Public Relations Tactics

Acing the Interview: 6 Tips to Make Sure You’re Prepared

December 2, 2015

[ikon images/corbis]
[ikon images/corbis]

We all have to go through it. Interviewing, that is. Whether the process makes us nervous or whether we walk in with confidence, it’s something that we have to face many times throughout our career.

As a new graduate and young professional, interviews can become a whole different ballgame. They begin to call for a lot more preparation and follow-up, compared to how we approached some of the interviews we conquered during our college days.

Our résumés are updated and our portfolio is looking better than ever, but now it’s our chance to bring those pieces of paper to life with personality and the ability to refer to key experiences.

Here are six interview tips that I learned during my own job search:

1. Never say that you’re a perfect fit because you love to work with people, you’re a quick learner and you have transferable skills. It’s way overdone and too general. Be self-aware and know your strengths and your weaknesses. Take some time to really think about what you’re great at and what you’re not so great at. 

Go through your résumé and make connections between your strengths and some of the qualities and tasks that the position requires. But don’t forget about those weaknesses! Share how you can improve on these and how you’re already taking steps to do so.

2. Show that you did your homework on the company and the position. It’s never a good idea to blindly walk into an interview. Visit the company’s website and learn about their past and present projects and clients. Scroll through their social media sites and get a feel for their voice. You can even do a Google News search on the company. Find something that intrigues you and address it in the interview.

Familiarizing yourself with the company and the position that you’re interviewing for will allow you to better connect your qualifications. Your research can also help you get a feel for the company culture and how you can bounce off of it. If they’re more laid-back, then you may try a more creative approach to presenting your résumé. If the company has a strict business professional dress code, then you will want to follow suit.

3. Ask questions. Every interviewer will ask if you have any questions — whatever you do, do not give them “no” for an answer. While you’re doing your homework on the company and position, make sure to jot down any questions that pop up.

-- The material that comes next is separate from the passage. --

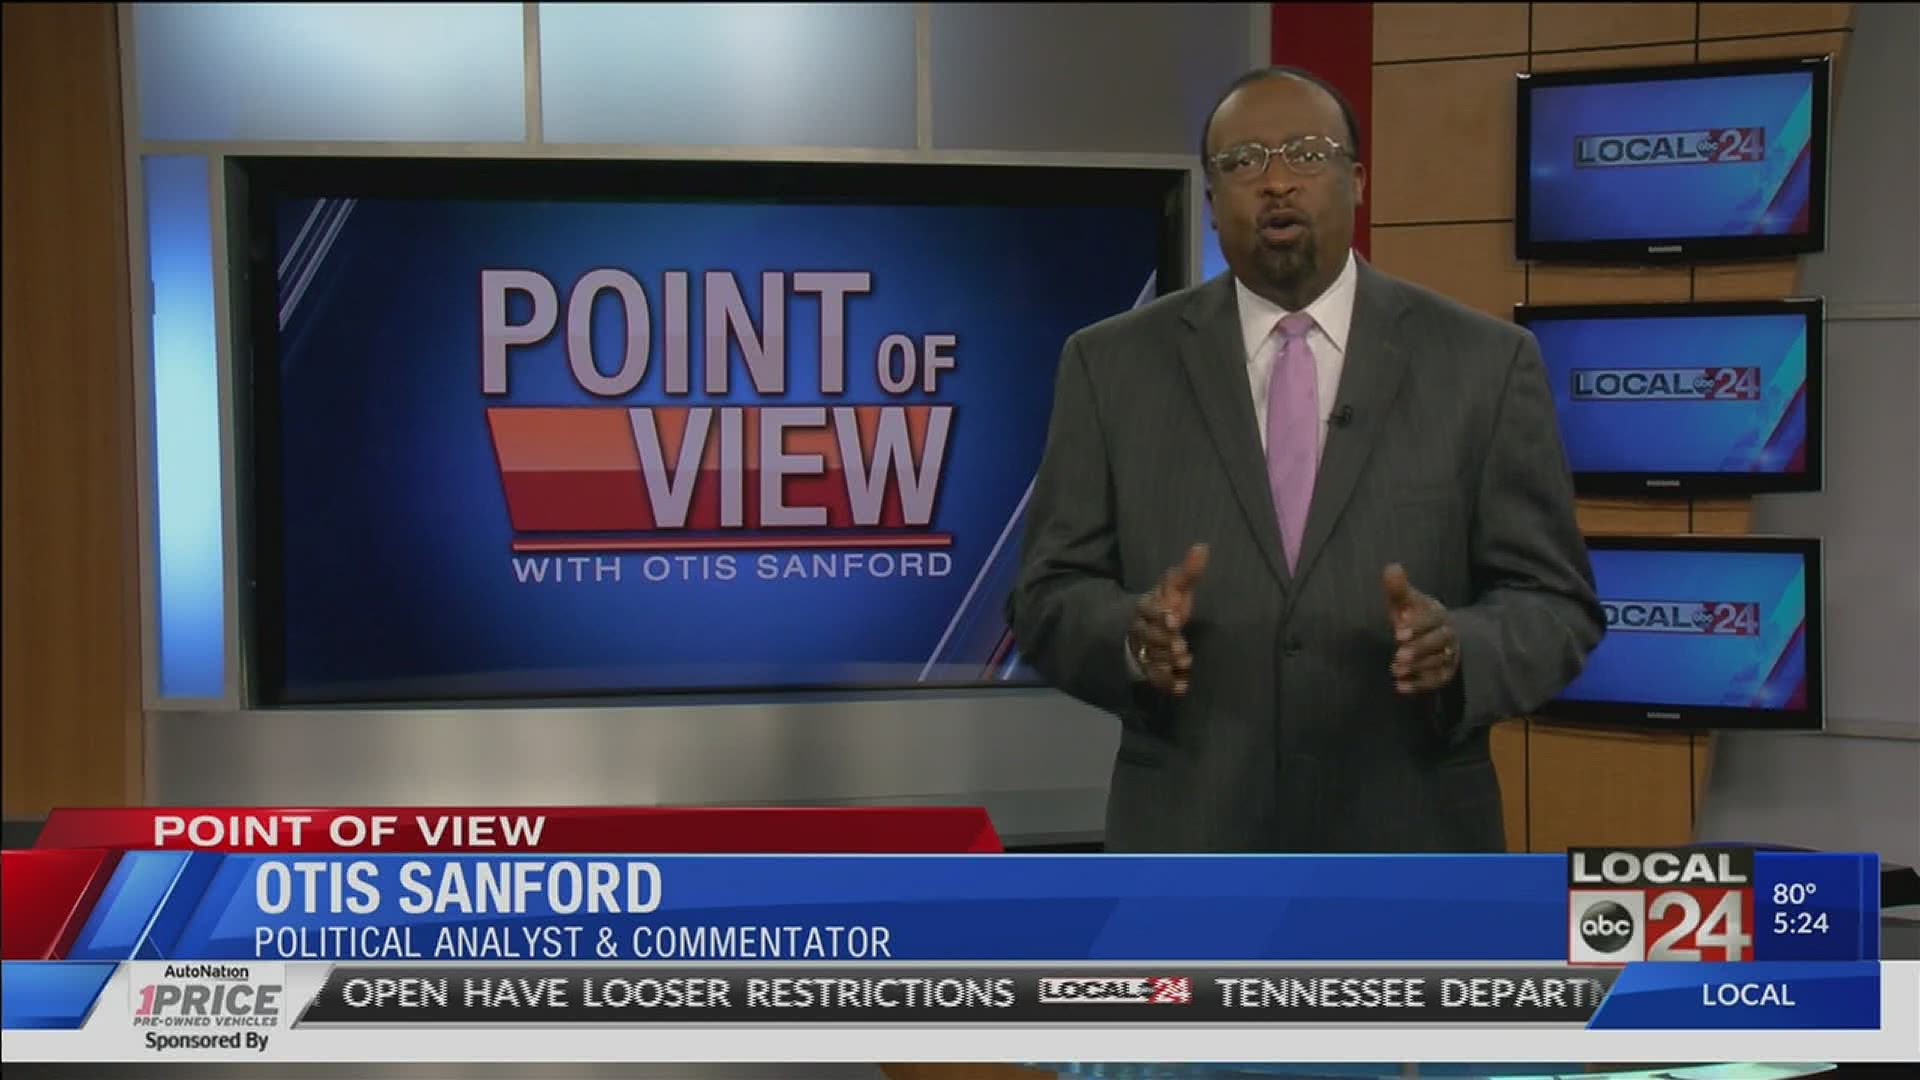 Local 24 News political analyst and commentator Otis Sanford shares his point of view on the overhaul of Tom Lee Park.

Walk into your interview with a short list of questions that you can refer back to in case you blank. Even questions as simple as “Why do you enjoy working at so-and-so company?” show that you’re interested. If you leave the interview and think of a question, then don’t be afraid to email them and ask. 

4. If you’re going to name-drop, then be honest about your connection and back it up. You should have a reason behind the mention that will build to your brand. If you’ve only met the person in passing, then it’s not the best idea to use them as a reference. Refer to a connection who can speak about your work and your work ethic.

5. Remember that handwritten notes are not a thing of the past. Take the time to send a handwritten note to the person who interviewed you. Thank them for taking the time to meet with you and reference something that you talked about in the interview. Be sure to send the letter in a timely manner. If you can’t send a handwritten note, then at the very least, send a personalized email.

6. Be authentic. If you’re not true to yourself and the goals that you have set, then your actions will soon come back to haunt you. While landing a job is exciting, you’ll eventually find yourself unhappy and, most likely, lacking drive. Why? You won’t be working on tasks that interest you or that will get you closer to reaching your end goal.

Be honest and be yourself from the start. After all, do you really want to work for a company that doesn’t accept who you are?

Rebecca Potzner
Rebecca Potzner is a social media strategist at Game Day Communications, founder of the blog Twist on PR and New Professionals Co-chair of the Cincinnati Chapter of PRSA. Twitter: @Beckuhbeck.

Comments

Rachel Tyree says:

Always good to review good interview techniques no matter at what point in your career. I appreciate Ms. Potzner's Tip #6. My best advice to my staff is to always pursue what makes you happy even if it is for less pay. Work is so much a part of our lives that being miserable in your career will only carry over to all other parts of your life. And finally, really weigh the work/life balance. I cannot emphasize how important it is to have a personal life outside of the office.